The Tropfest short film festival will return in February after CGU Insurance stepped in to fill the cash black hole which originally led to its cancellation.

CGU came forward after organiser John Polson cancelled the world’s largest short film festival, which was due to be held in Sydney today, on November 11 citing “terrible financial mismanagement”. It is understood the festival was hundreds of thousands of dollars shy of being able to cover its costs.

Tropfest returning

However Polson has today announced the festival is back on, and will be held on Valentine’s Day, Sunday February 14.

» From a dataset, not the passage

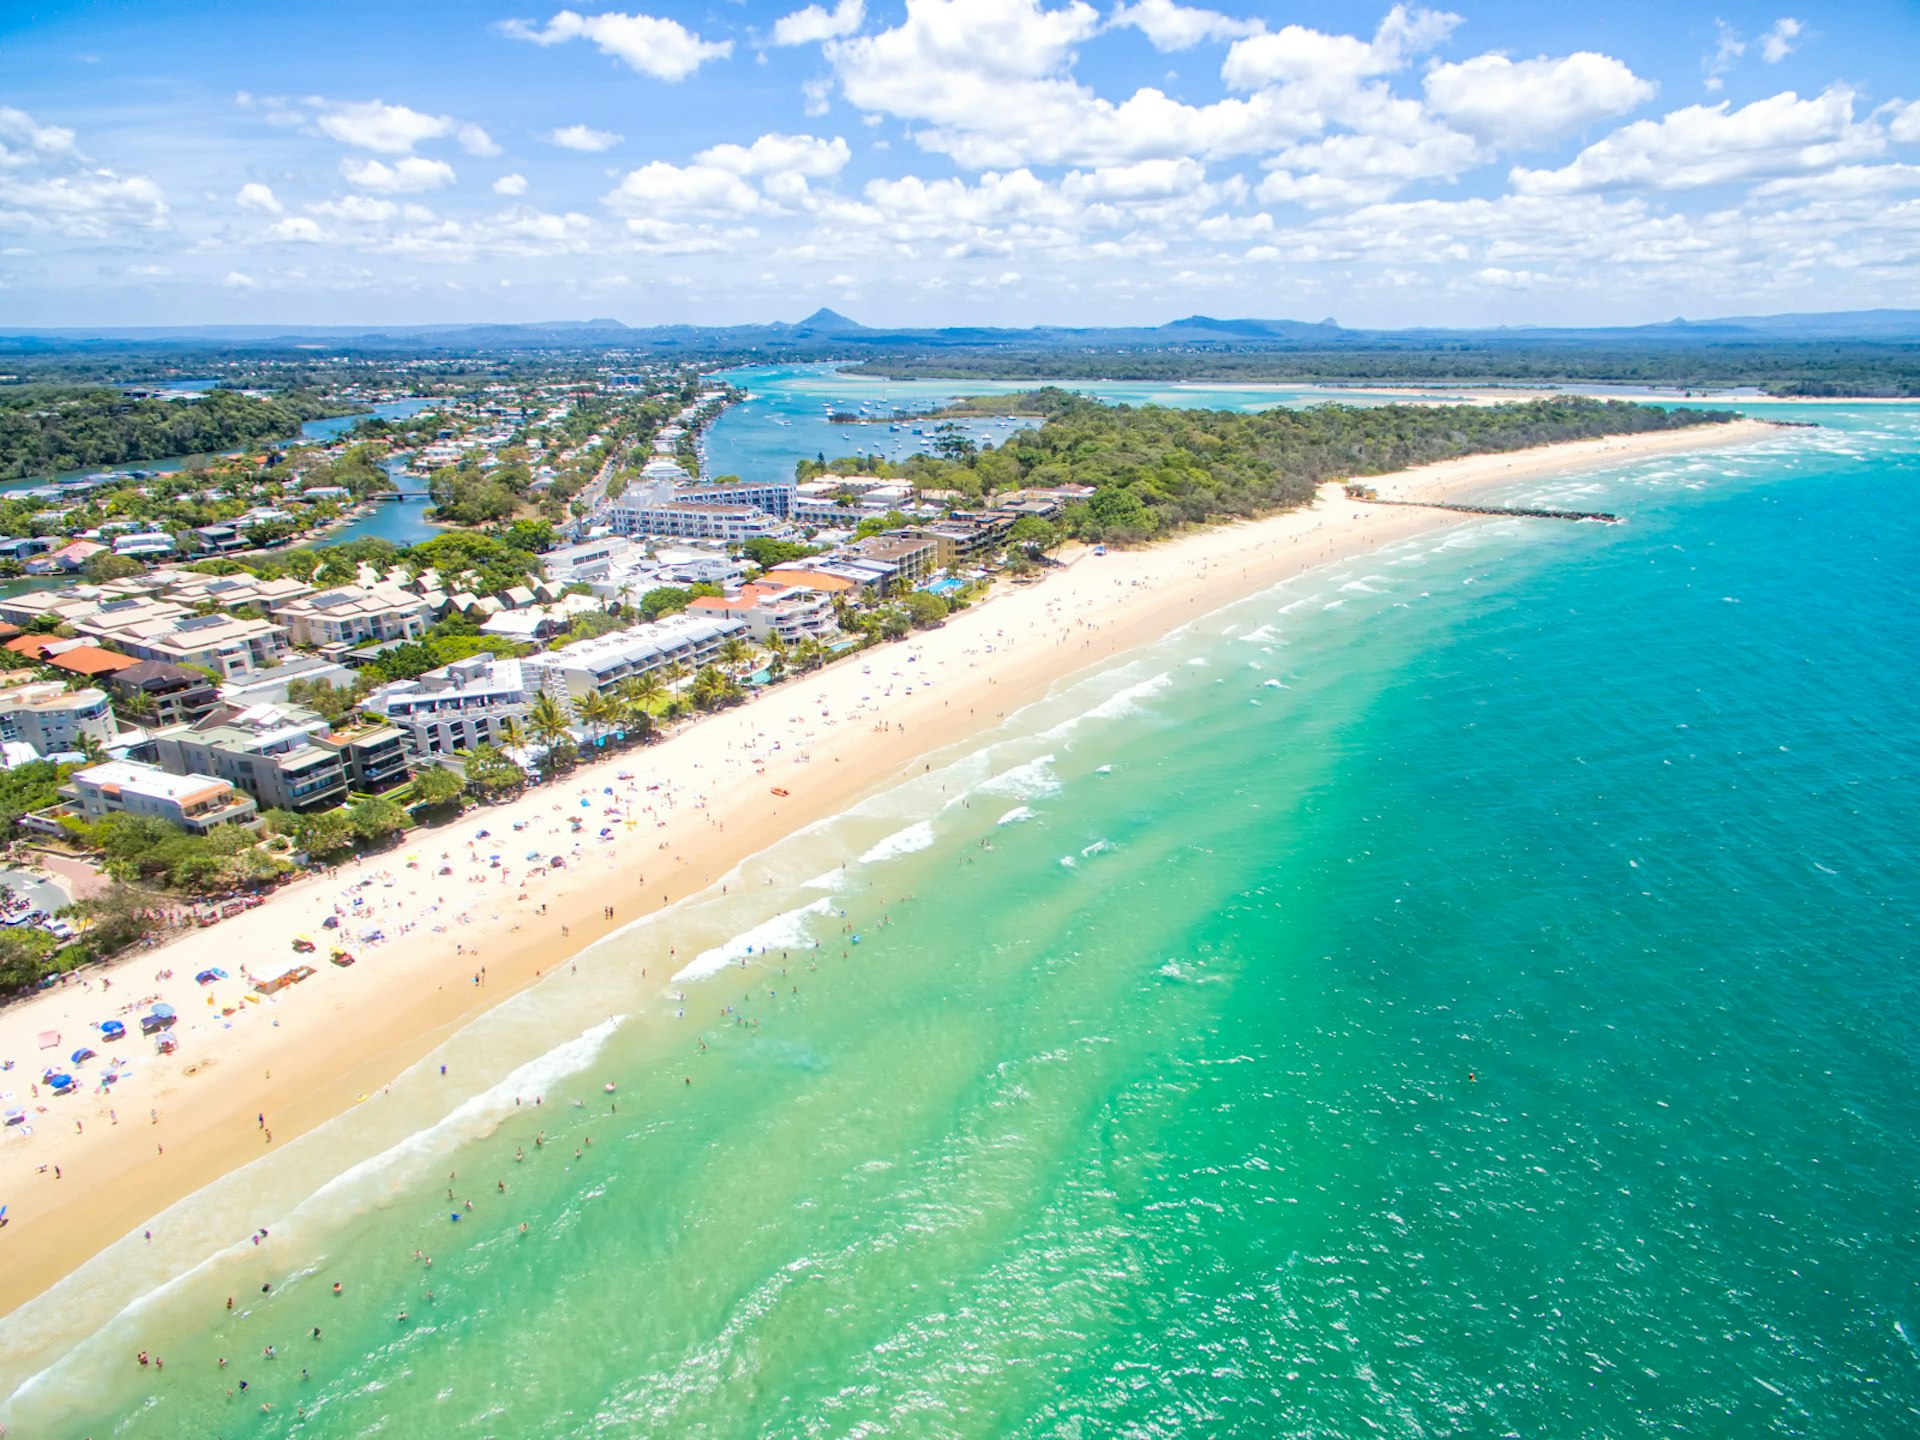 An aerial view of Noosa beach with views over the waterfront buildings behind

In a statement Polson said: “It’s incredibly encouraging to see that the Australian public and corporate community really want to see Tropfest return.

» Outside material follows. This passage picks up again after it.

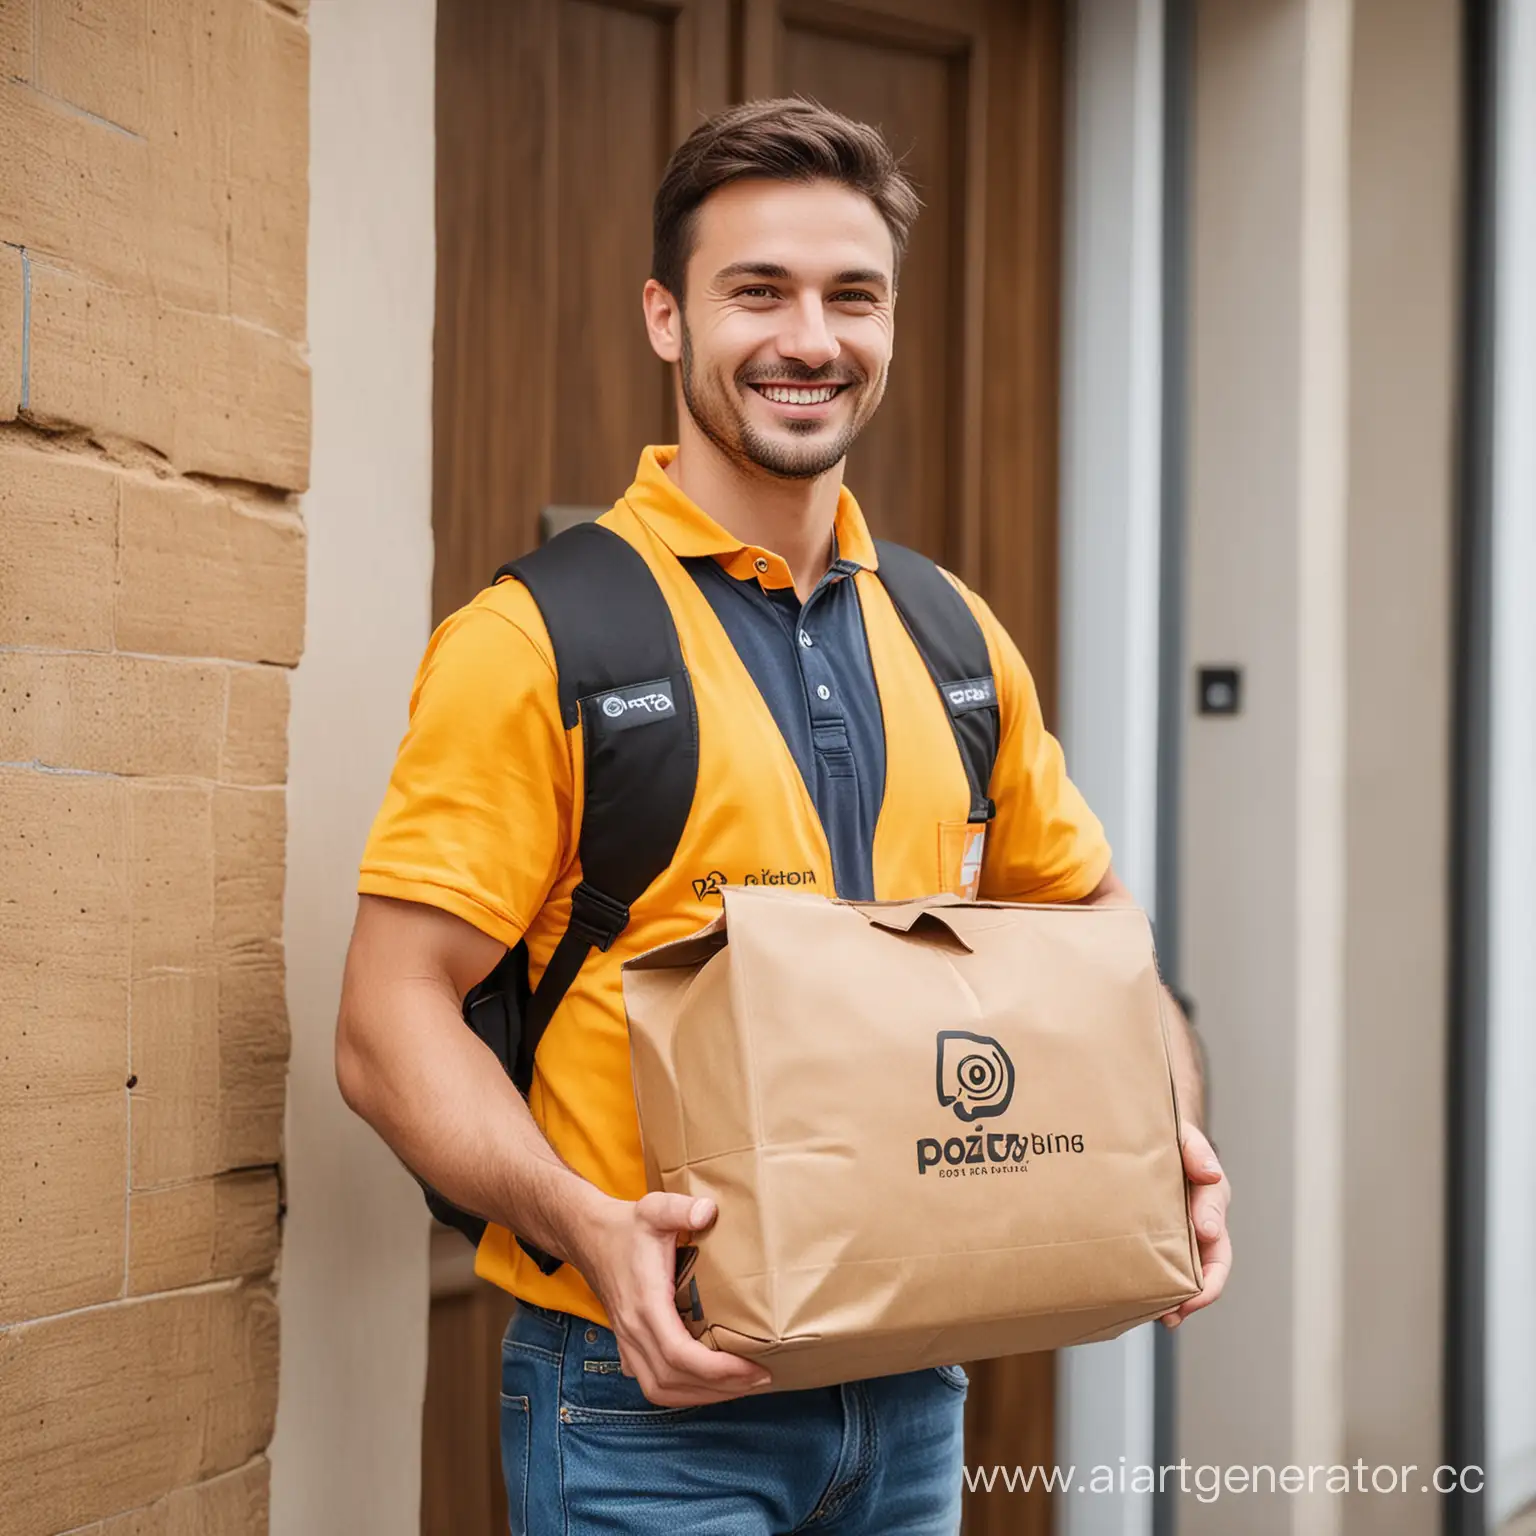 Joyful-Courier-Delivering-Poizon-Package-with-Bright-Bag

“As a free, outdoor event, Tropfest makes short film accessible to all. There’s nothing else quite like it and I think that’s what people love.

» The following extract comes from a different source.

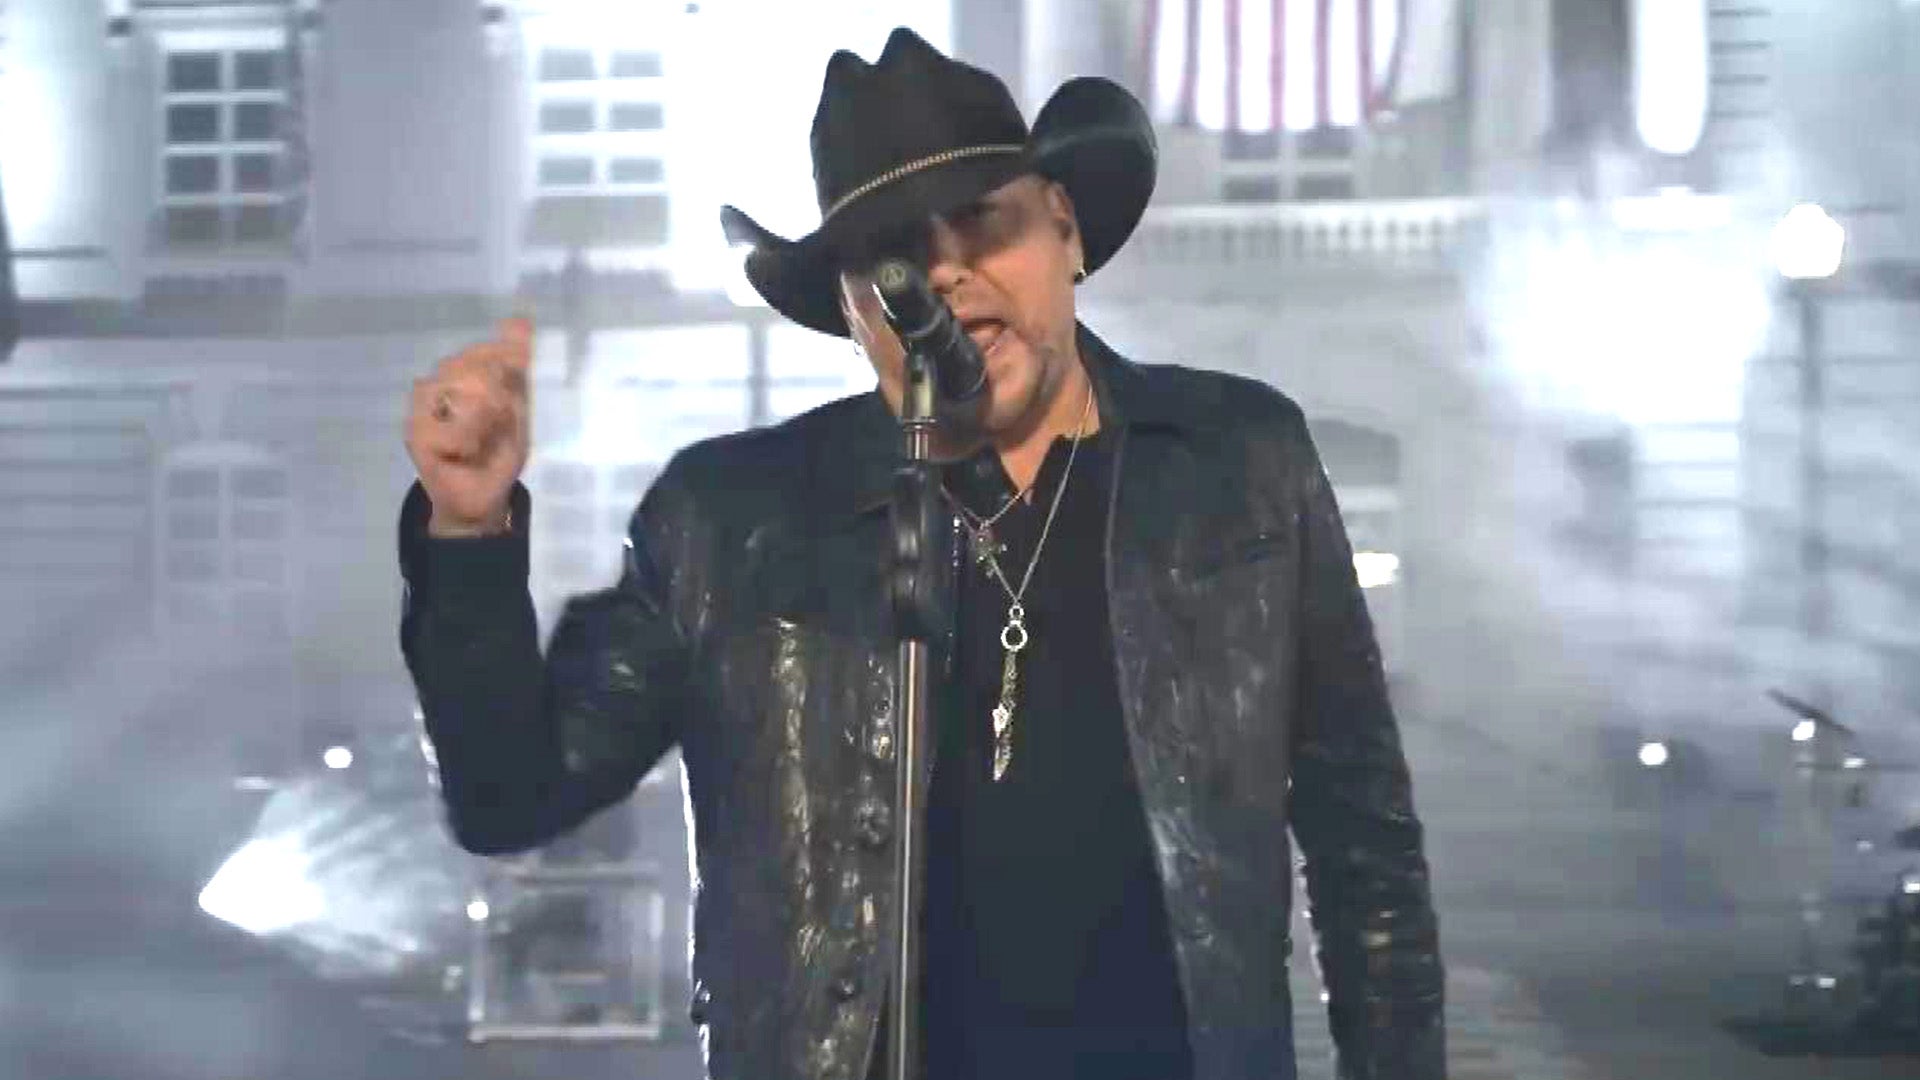 Jason Aldean’s Controversial ‘Try That in a Small Town’ Music Video Re-Edited: What Changed

“Thanks to the support given by CGU Insurance, we’re now able to restore Tropfest for the filmmakers whose work was put on hold, for our fans and of course for the suppliers and partners who all give so much to make the world’s largest short film festival a reality. It’s the comeback story of the decade.”

The Sydney Morning Herald is reporting Polson is continuing to pursue legal proceedings against Tropfest Festival Productions managing director Michael Laverty who handled day-to-day running of the festival.

The original announcement was met with dismay from many film lovers, although some filmmakers were less Tropfest audiencedisappointed.

In an opinion piece for Mumbrella filmmaker Michael Taylor wrote: “Tropfest was known as the festival that required filmmakers to submit unoriginal stories with cheesy dialogue, heavily-inspired low-brow humour and the inclusion of a B or C grade celebrity to be considered for selection.”

The festival  – celebrating short films – began in 1993 as a small event held at Darlinghurst’s Tropicana Cafe and has since been attended by more than 1.6m people and spawned spinoff festivals globally.

Ben Bessell, commercial insurance chief executive for IAG, which owns the CGU business, said: “Tropfest is a great festival, providing unique platforms for talented filmmakers through its events and initiatives, and we are excited to be able to help them get back on their feet,” Mr Bessell said.

“Supporting this fantastic cultural event is about creating a renewed opportunity for Tropfest and all those small businesses associated with the event to continue to thrive and get some business done.”

“It’s also about supporting the wider community who are avid fans of film and entertainment and give them an opportunity to come along and enjoy a free cultural event.”

After the original cancellation many sponsors said they were “disappointed” with the lack of communications from organisers ahead of the cancellation. Seven West Media’s streaming service Presto had offered to showcase the finalists on its platform.

However major sponsors Destination NSW and Screen NSW, Qantas, Nikon, Centennial Parklands, media partners SBS 2, Screen Australia and Nova 96.9 have all come on board for the new date.

SBS 2 will broadcast the festival from 9pm on the night, and all the original finalists will be represented in the competition, while the junior competition for filmmakers under 15 will also go ahead on that day.